§ Supplied information
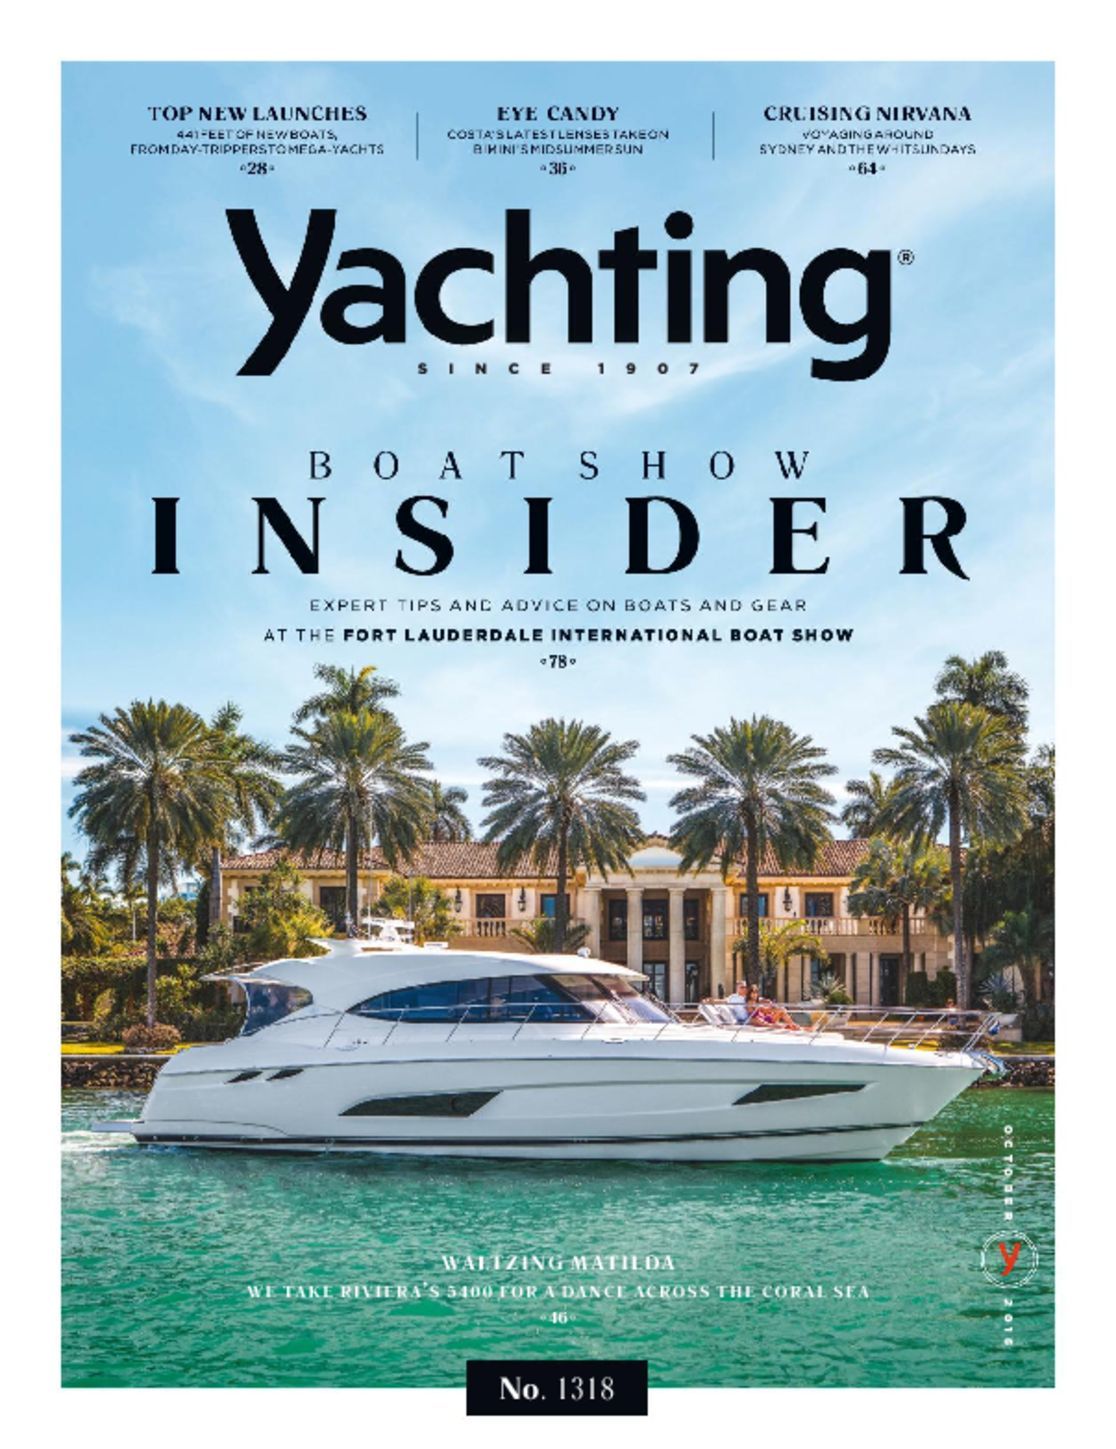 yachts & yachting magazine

---

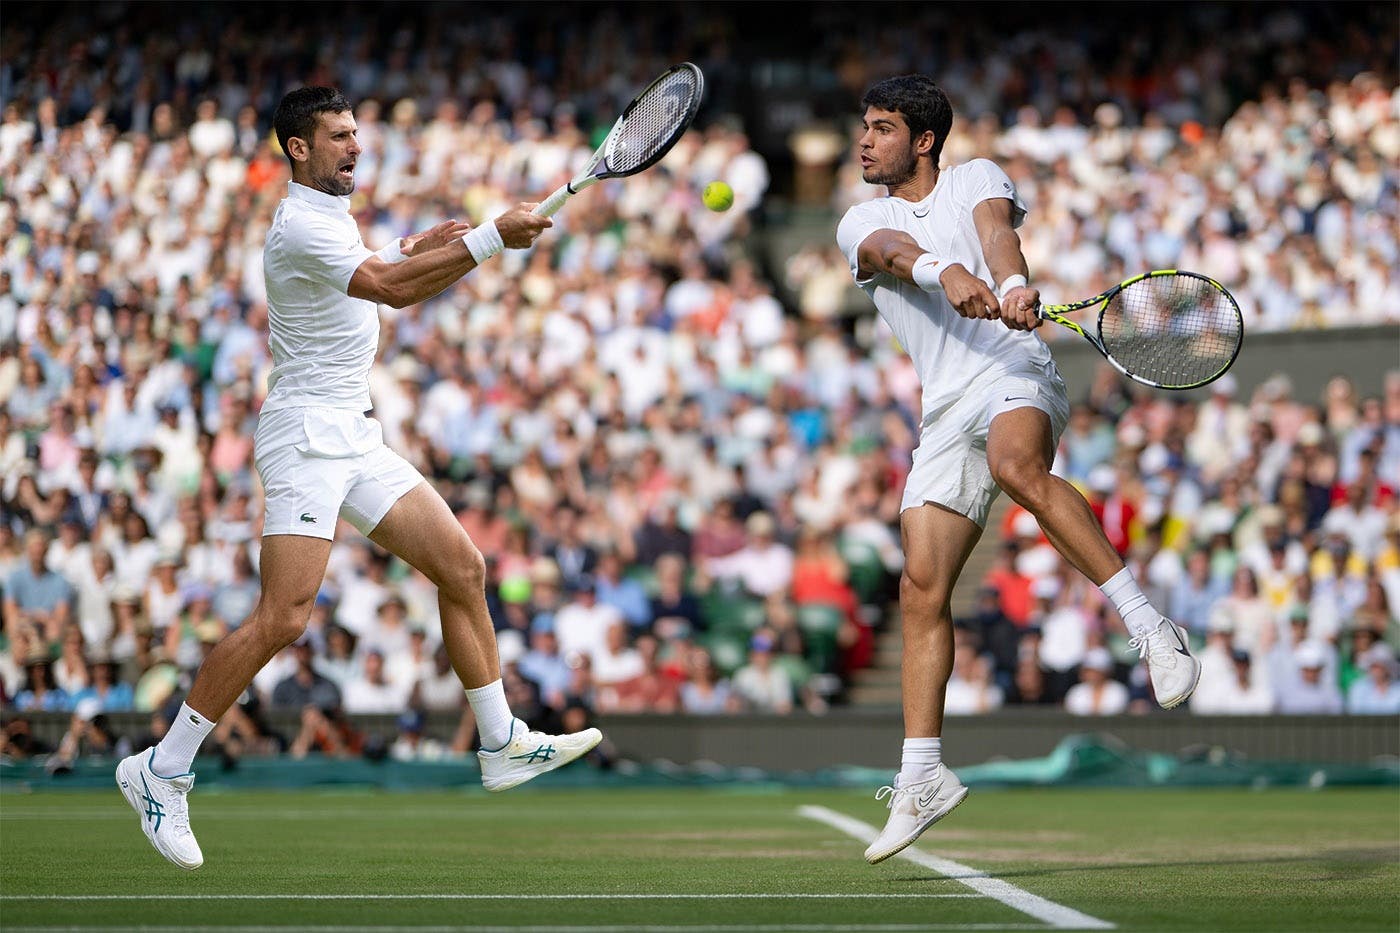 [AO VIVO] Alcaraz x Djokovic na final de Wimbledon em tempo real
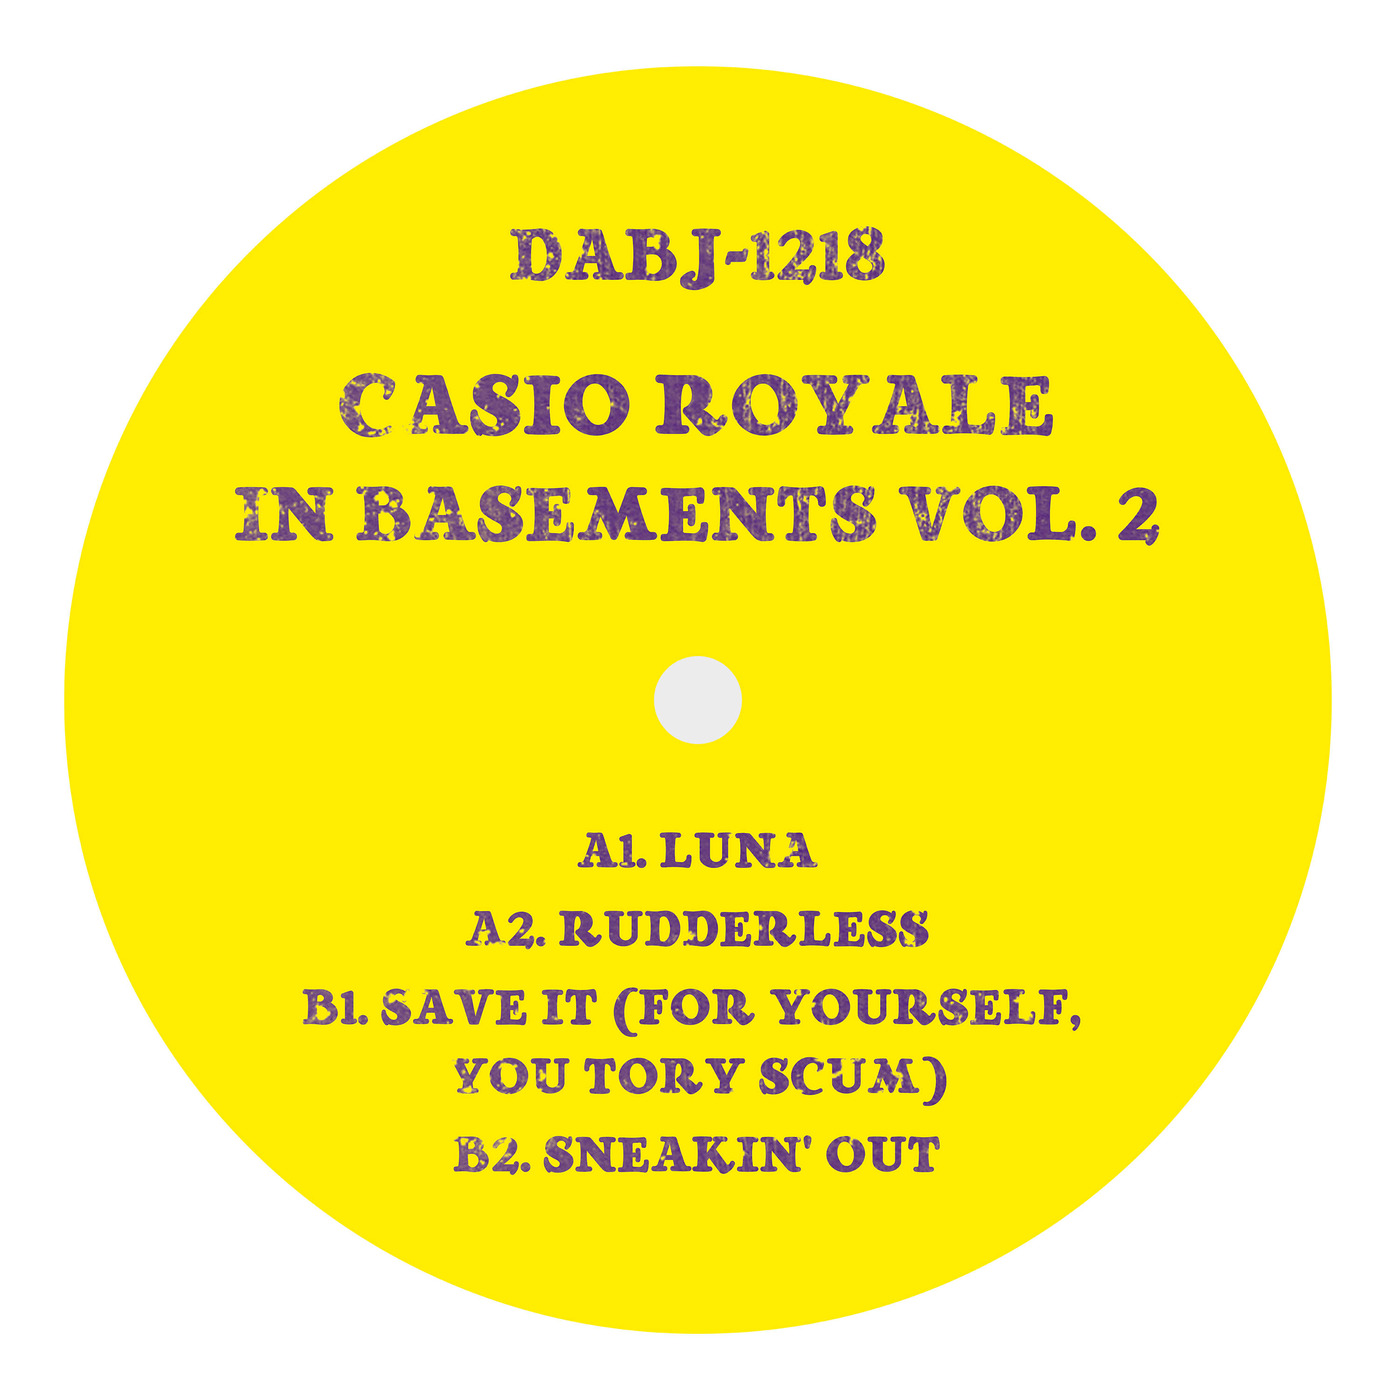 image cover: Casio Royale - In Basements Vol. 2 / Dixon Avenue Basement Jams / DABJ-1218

--

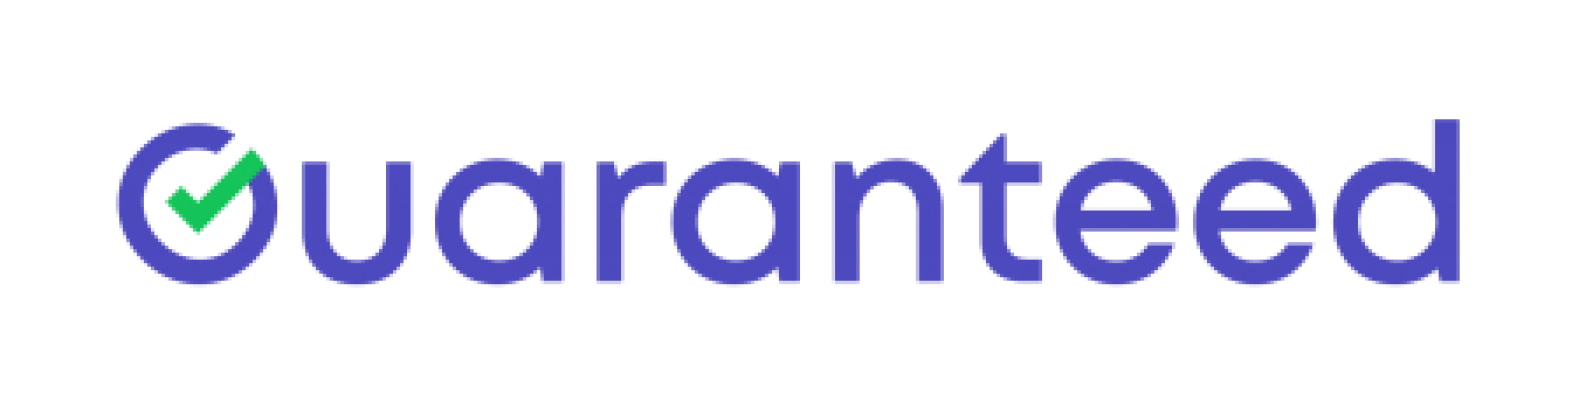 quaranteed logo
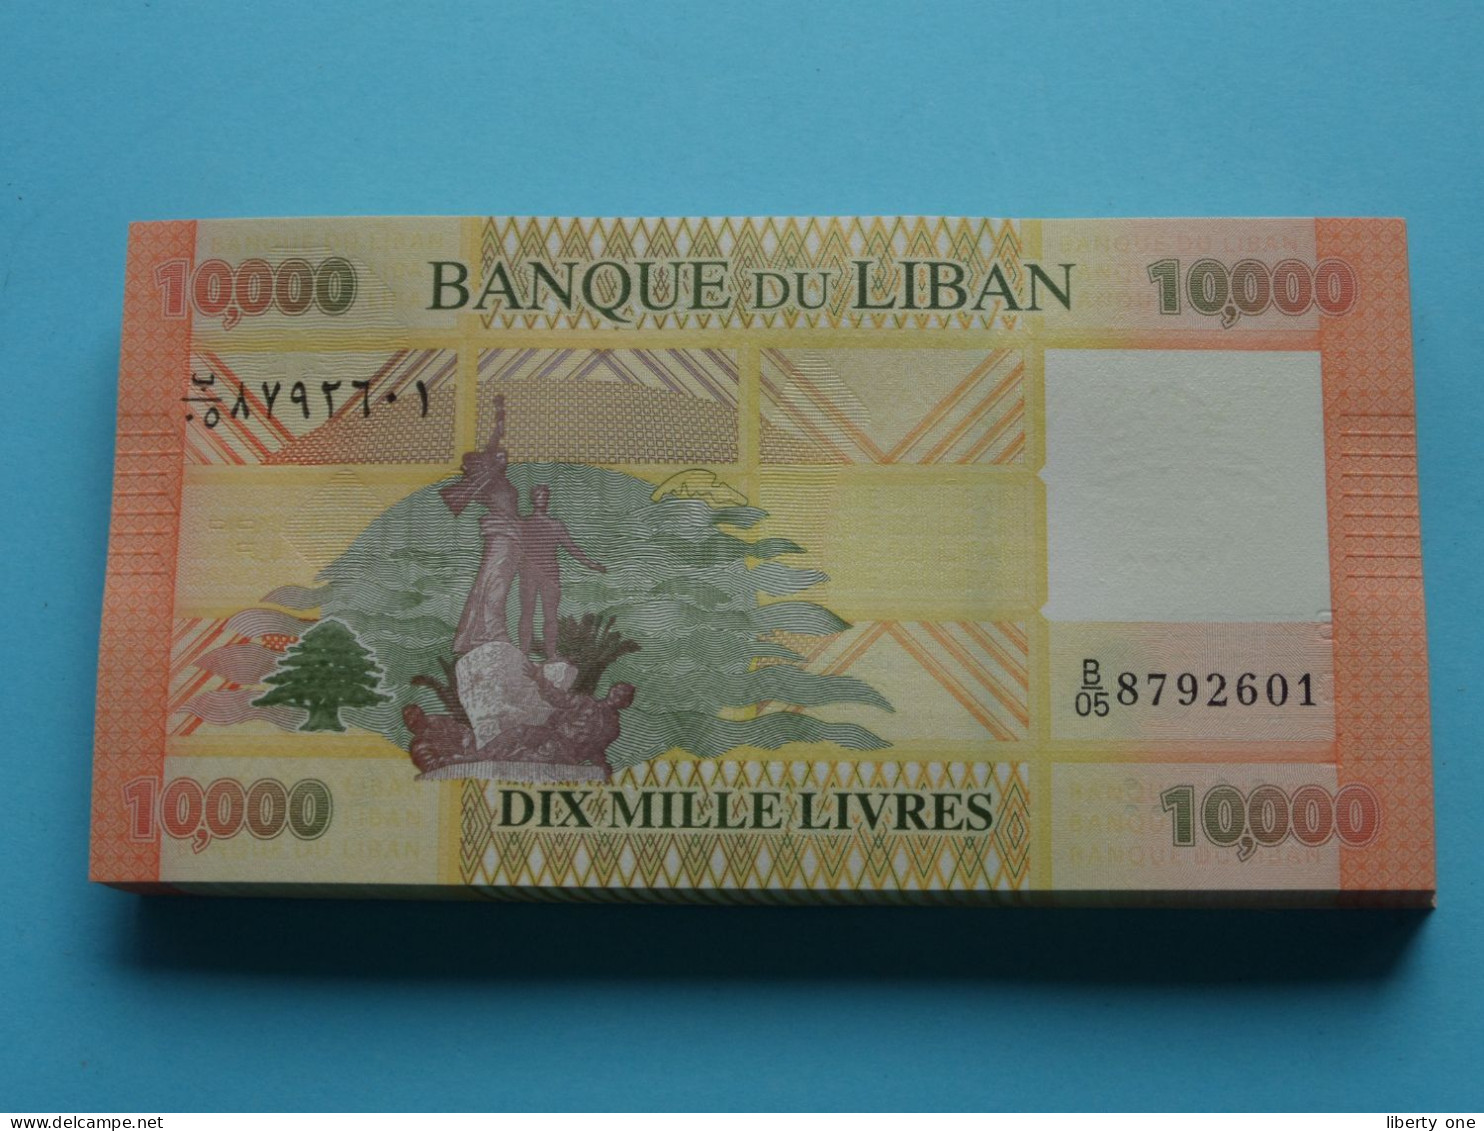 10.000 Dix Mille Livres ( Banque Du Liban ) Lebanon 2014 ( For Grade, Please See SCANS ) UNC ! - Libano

§ Directions
A verbatim reproduction is expected: starting at the line above that has "[AO VIVO] Alcaraz", ending at the line that has "image cover: Casio", both included, and with no pictures and no other lines.

§ Solved exercise
 [AO VIVO] Alcaraz x Djokovic na final de Wimbledon em tempo real
 image cover: Casio Royale - In Basements Vol. 2 / Dixon Avenue Basement Jams / DABJ-1218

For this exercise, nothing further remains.